To determine whether the responses observed in the stripe assays are mediated by the Eph receptors and ephrin ligands expressed by CNC cells, we did the same experiments, but added soluble fusion proteins as competitors (Fig. 11). In the first control experiment, stage 10–12 neural tube explants were cultured in the presence of soluble Fc protein on a substrate composed of lanes of clustered ephrin-B1/Fc plus FN and an FITC marker alternating with lanes of FN alone. The resulting HNK-1-positive outgrowth is localized to the lanes between the FITC marked stripes of ephrin-B1/Fc protein, such that there are almost no cells on these stripes (Fig. 11). When the same experiment is done with soluble ephrin-B1/Fc added to the culture medium, there is a marked increase in the number of cells on the lanes of substrate-bound ephrin-B1/Fc. In the corresponding experiments with EphB2/Fc, there is a similar increase in the number of cells on the lanes of substrate-bound EphB2/Fc. With both sets of experiments, the results from the control are similar to the assays in which no soluble protein was added to the culture medium. It should also be noted that soluble ephrin-B1/Fc or EphB2/Fc did not completely eliminate the striped outgrowth seen in the presence of soluble Fc alone, but made it less conspicuous. As in the experiments where no soluble proteins were added to the culture medium, the total cell outgrowth from the explanted avian neural tubes is dominated by HNK-1-positive cells.

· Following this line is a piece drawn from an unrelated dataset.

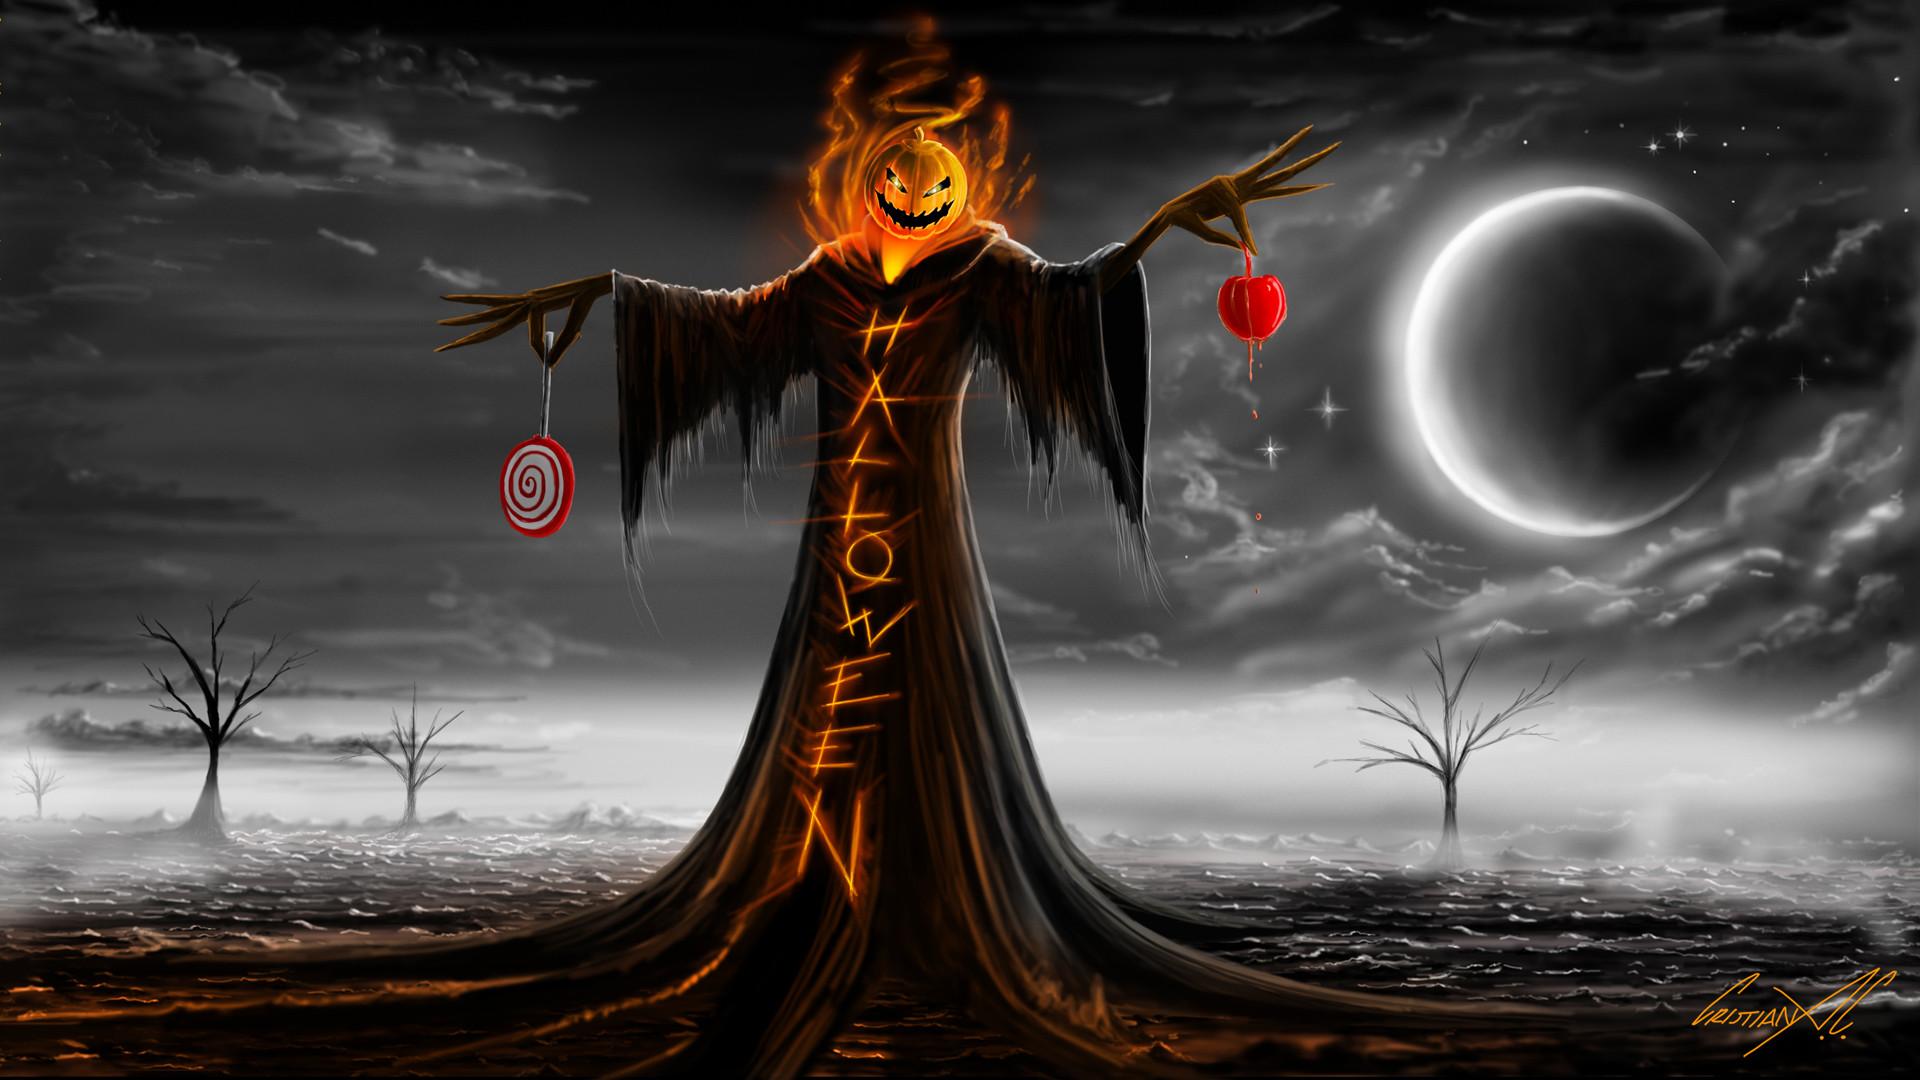 Halloween Wallpaper | Halloween wallpaper 2012, full hd 1080p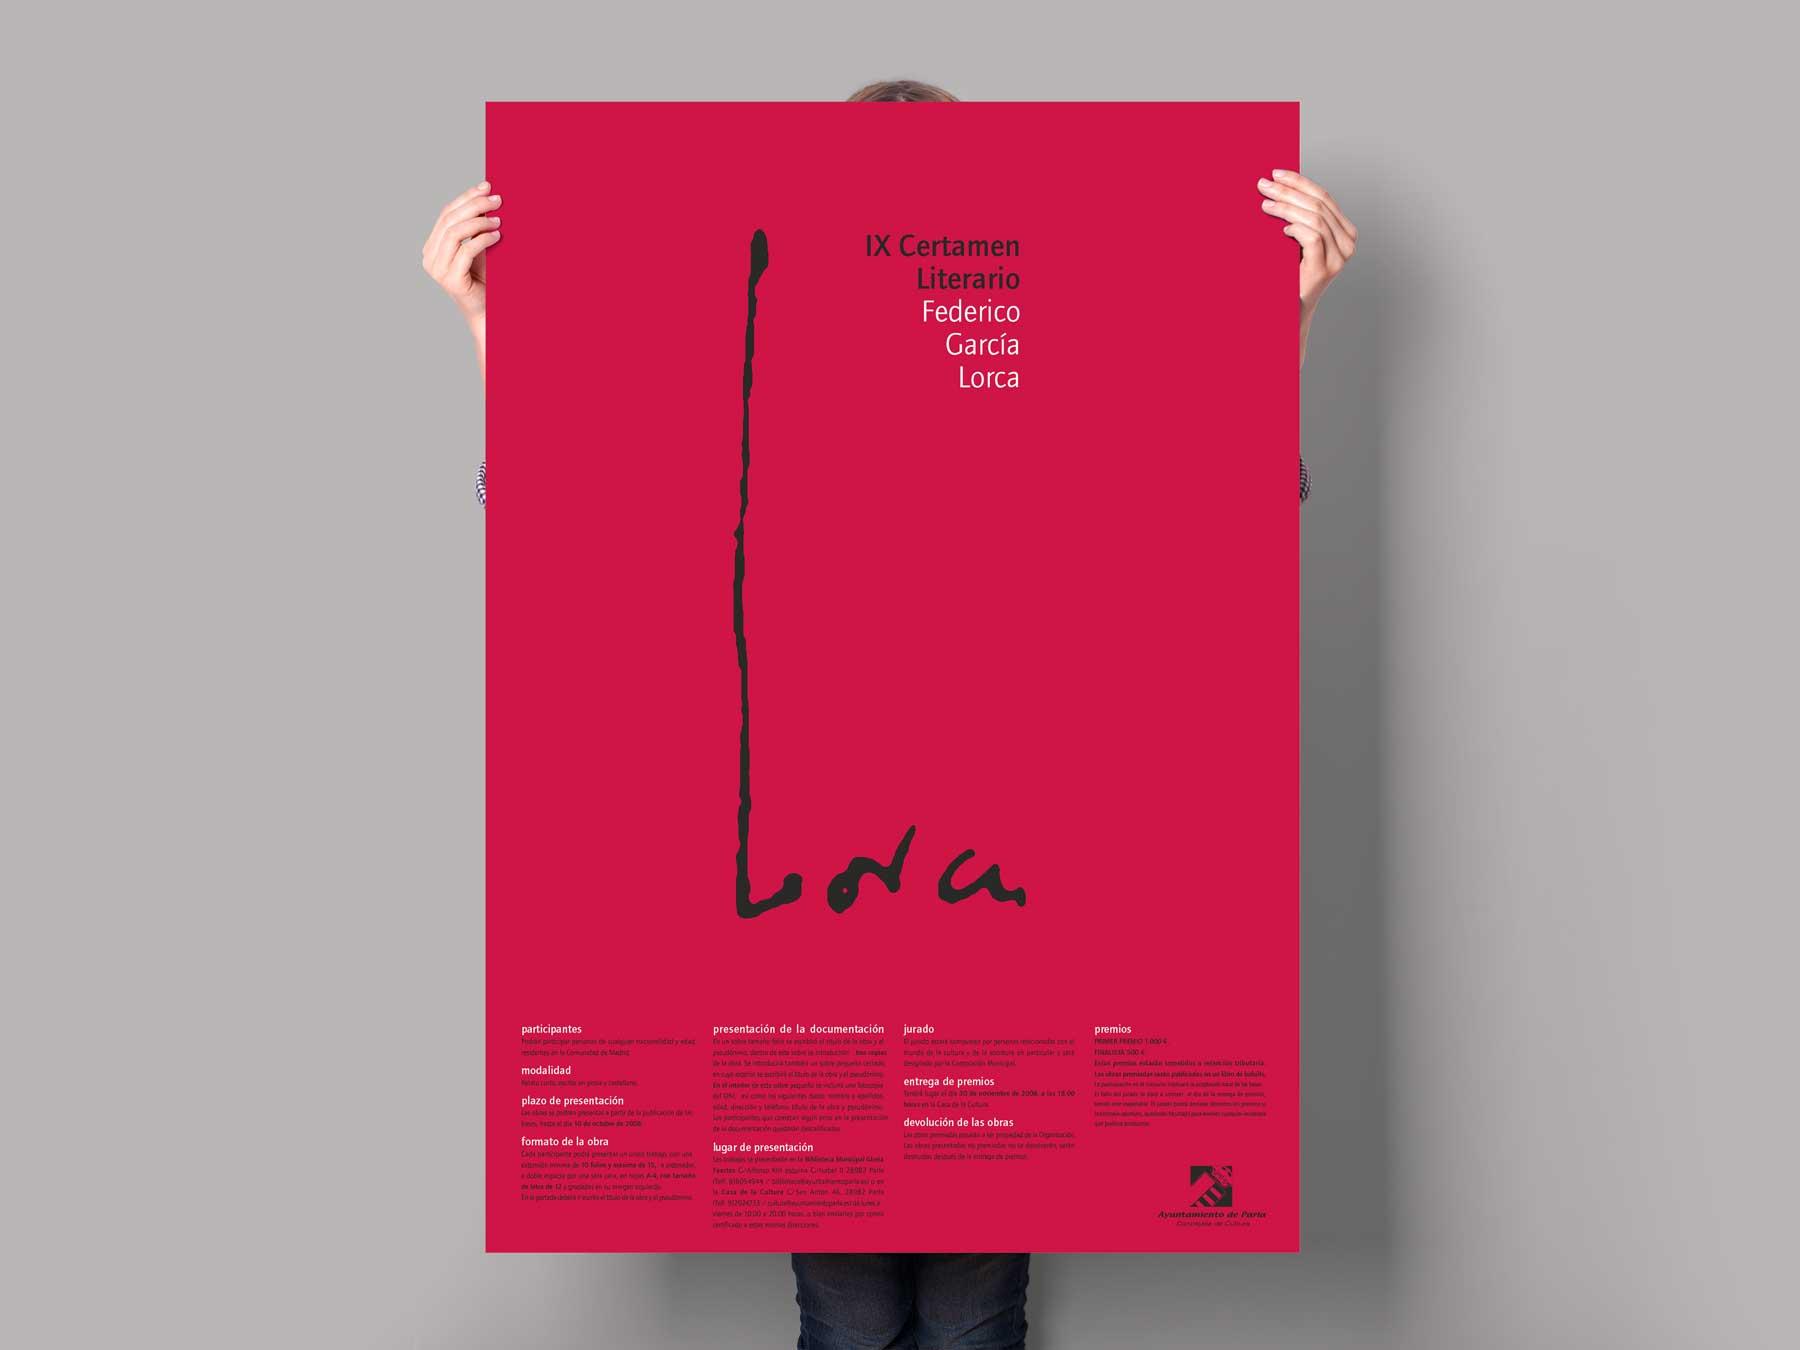 lorca_07

Outgrowth of cranial neural crest cells from stage 10–12 chicken neural tube explants onto ephrin-B1 or EphB2 stripe assay substrates in the presence of soluble competitors. Representative results from the four experimental conditions. The position of the first set of lanes is revealed by an FITC marker (faint green stripes). Cells have been double labeled with HNK-1 antibody (red) and DAPI nuclear stain (blue). All experiments were done with a stripe protein concentration of 64 μg/ml. (a). Clustered ephrin-B1/Fc + FN vs. FN with soluble Fc. Cell outgrowth from the neural tube is strongly localized to the lanes between stripes of FITC-marked ephrin-B1/Fc. (b) Clustered ephrin-B1/Fc + FN vs. FN with soluble ephrin-B1/Fc. Substitution of the soluble Fc with ephrin-B1/Fc results in an increase in the number of cells found on the stripes of immobilized ephrin-B1/Fc. (c) Clustered EphB2/Fc + FN vs. FN with soluble Fc and (d) clustered EphB2/Fc + FN vs. FN with soluble EphB2/Fc. As with the ephrin-B1/Fc experiments, there is a significant increase in the number of cells on lanes of substrate-bound EphB2/Fc in going from adding soluble Fc to soluble EphB2/Fc to the culture medium.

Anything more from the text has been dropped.